• **Exercise instructions**: Reproduce each line of the material exactly, minus any picture.

• **Data below**:
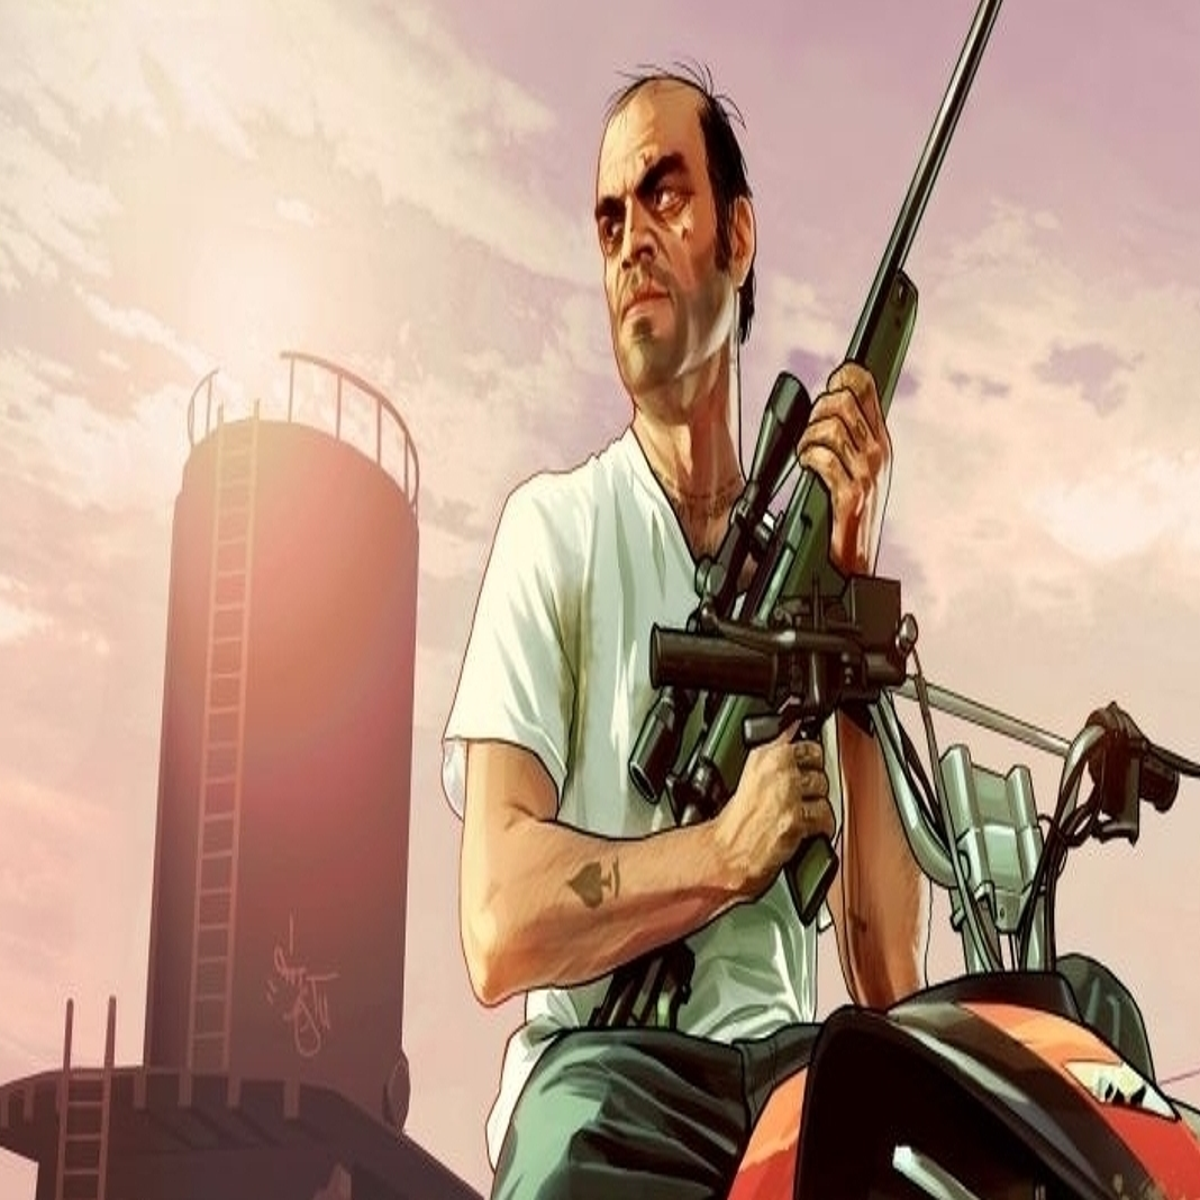 Typical Gamer - GTA 5 Real Life Mod returns today with a brand new
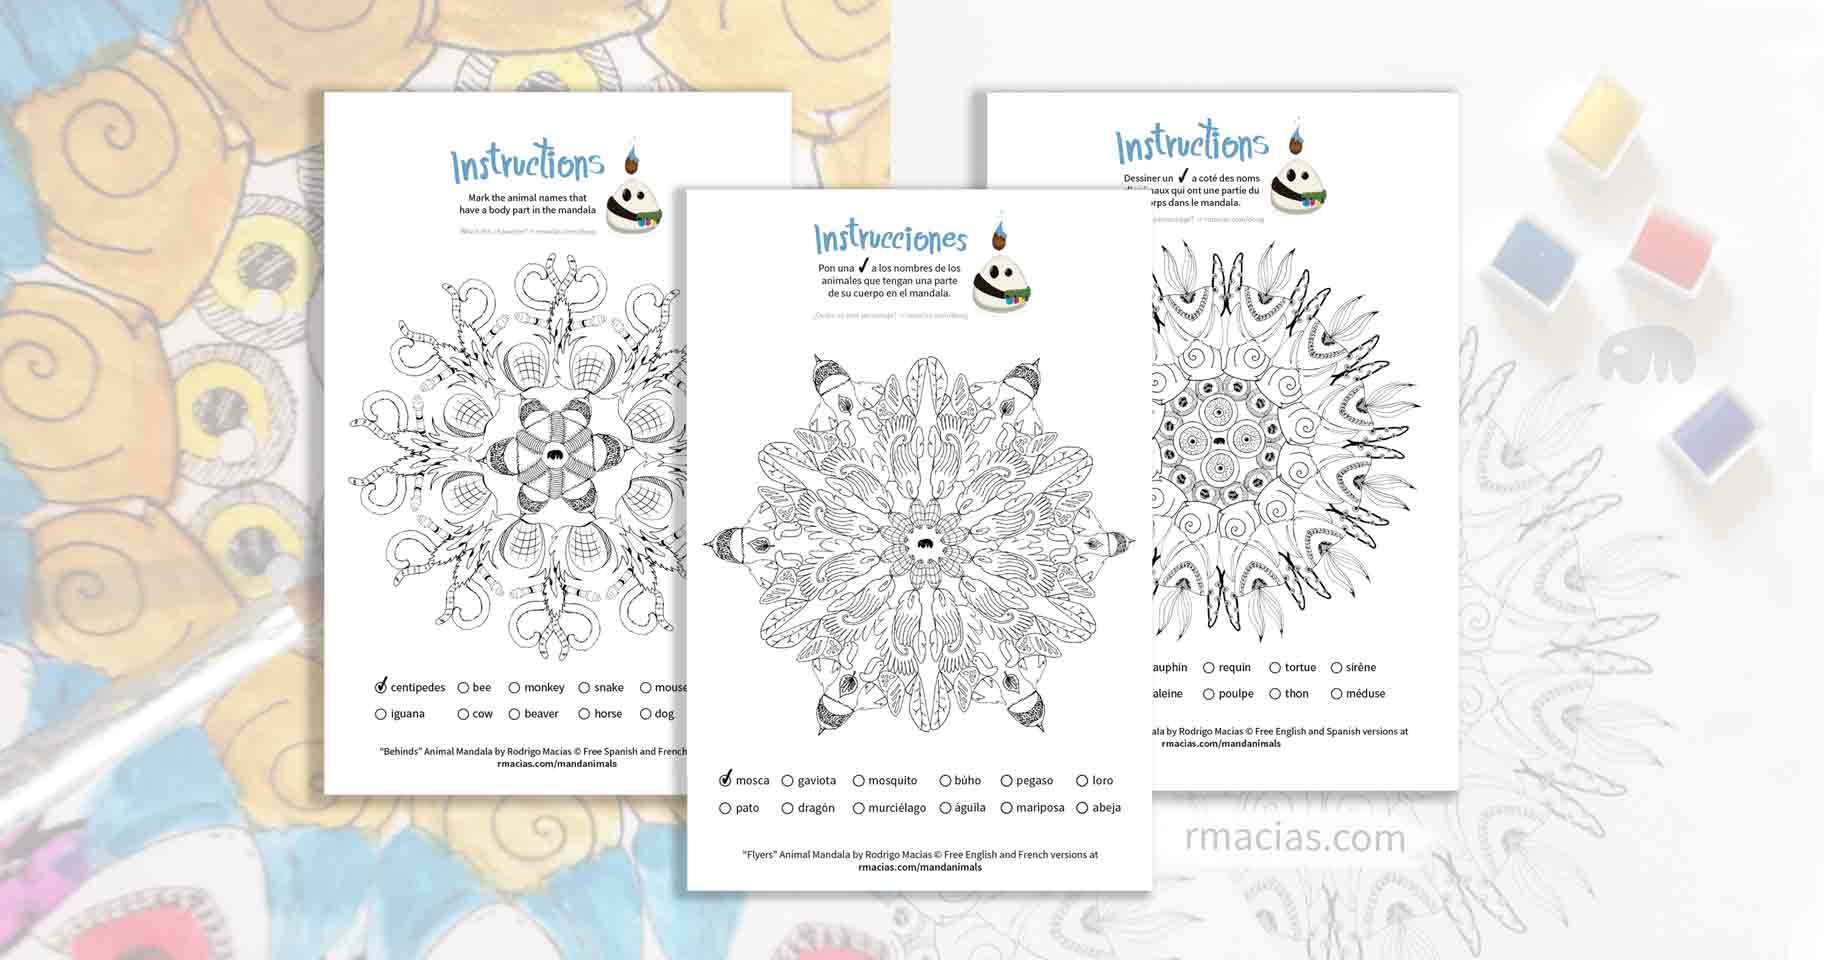 Coloring activity of animal mandalas that can be used as a coloring language activity so children can practice vocabulary of animal names in English, French and Spanish, by matching those names with the animal body parts that form each design. By kids activities designer Rodrigo Macias
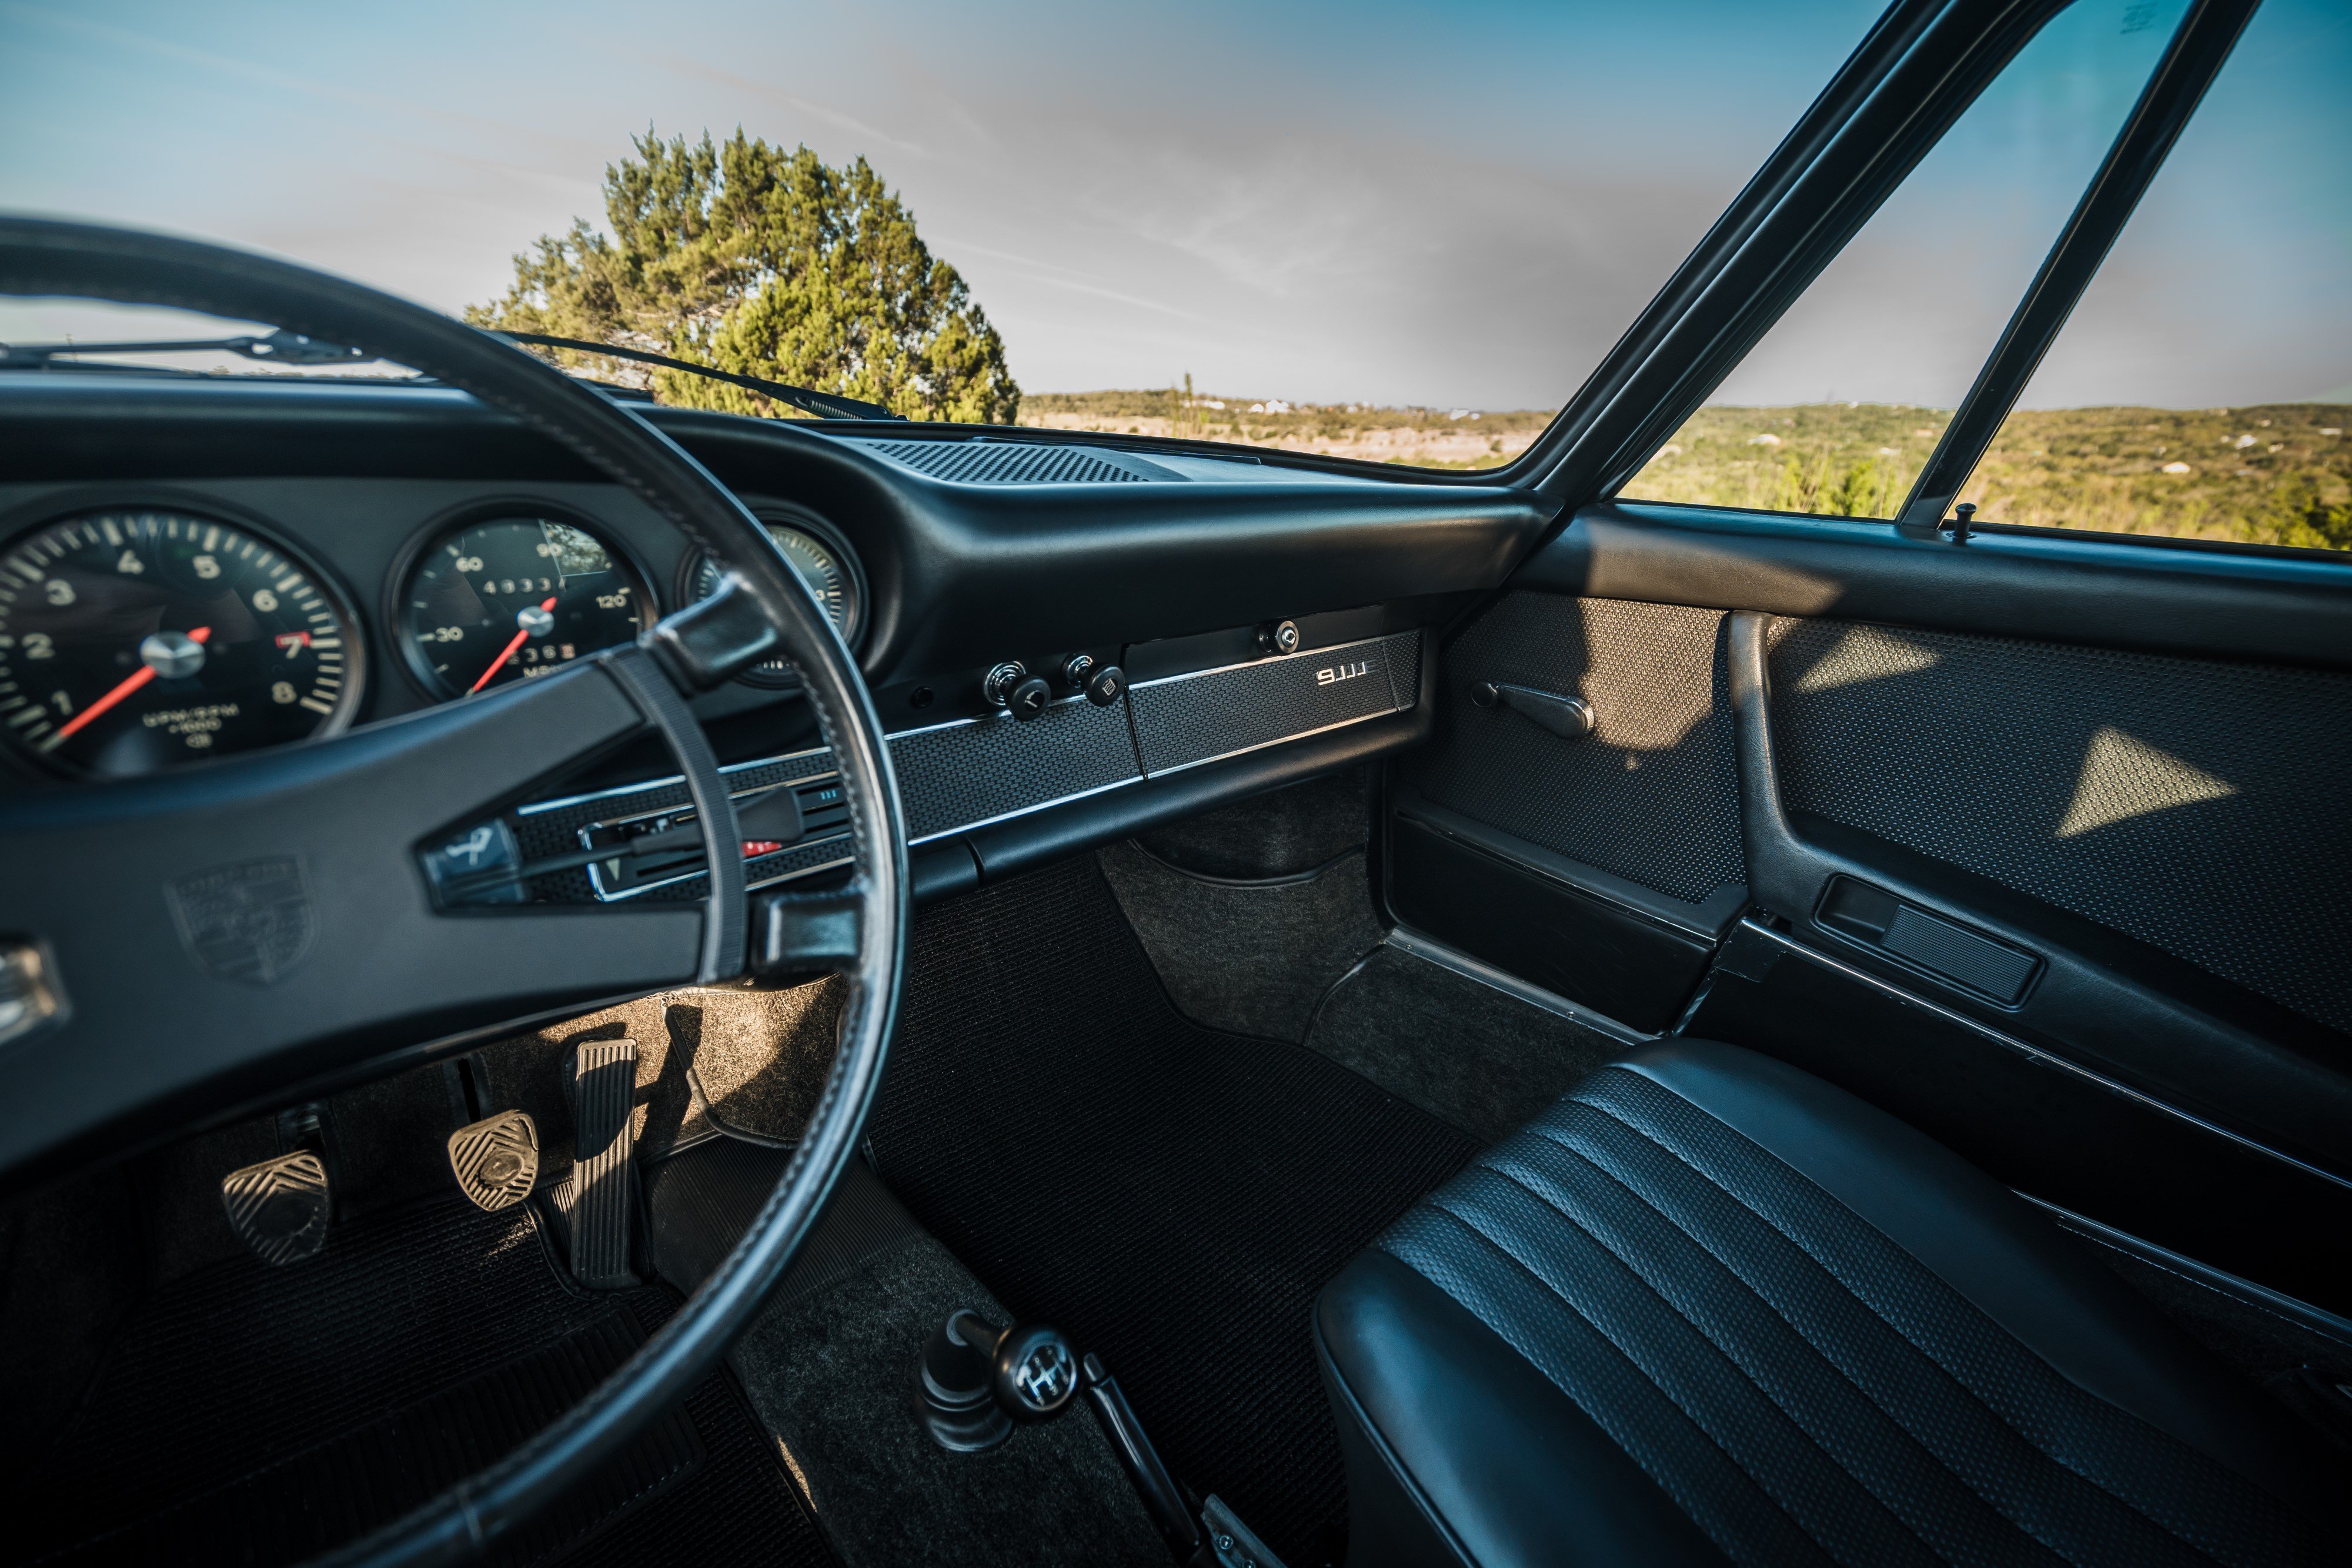 Drivers seat view from a 1971 911E

• **Your solution**:
 Typical Gamer - GTA 5 Real Life Mod returns today with a brand new
 Coloring activity of animal mandalas that can be used as a coloring language activity so children can practice vocabulary of animal names in English, French and Spanish, by matching those names with the animal body parts that form each design. By kids activities designer Rodrigo Macias
 Drivers seat view from a 1971 911E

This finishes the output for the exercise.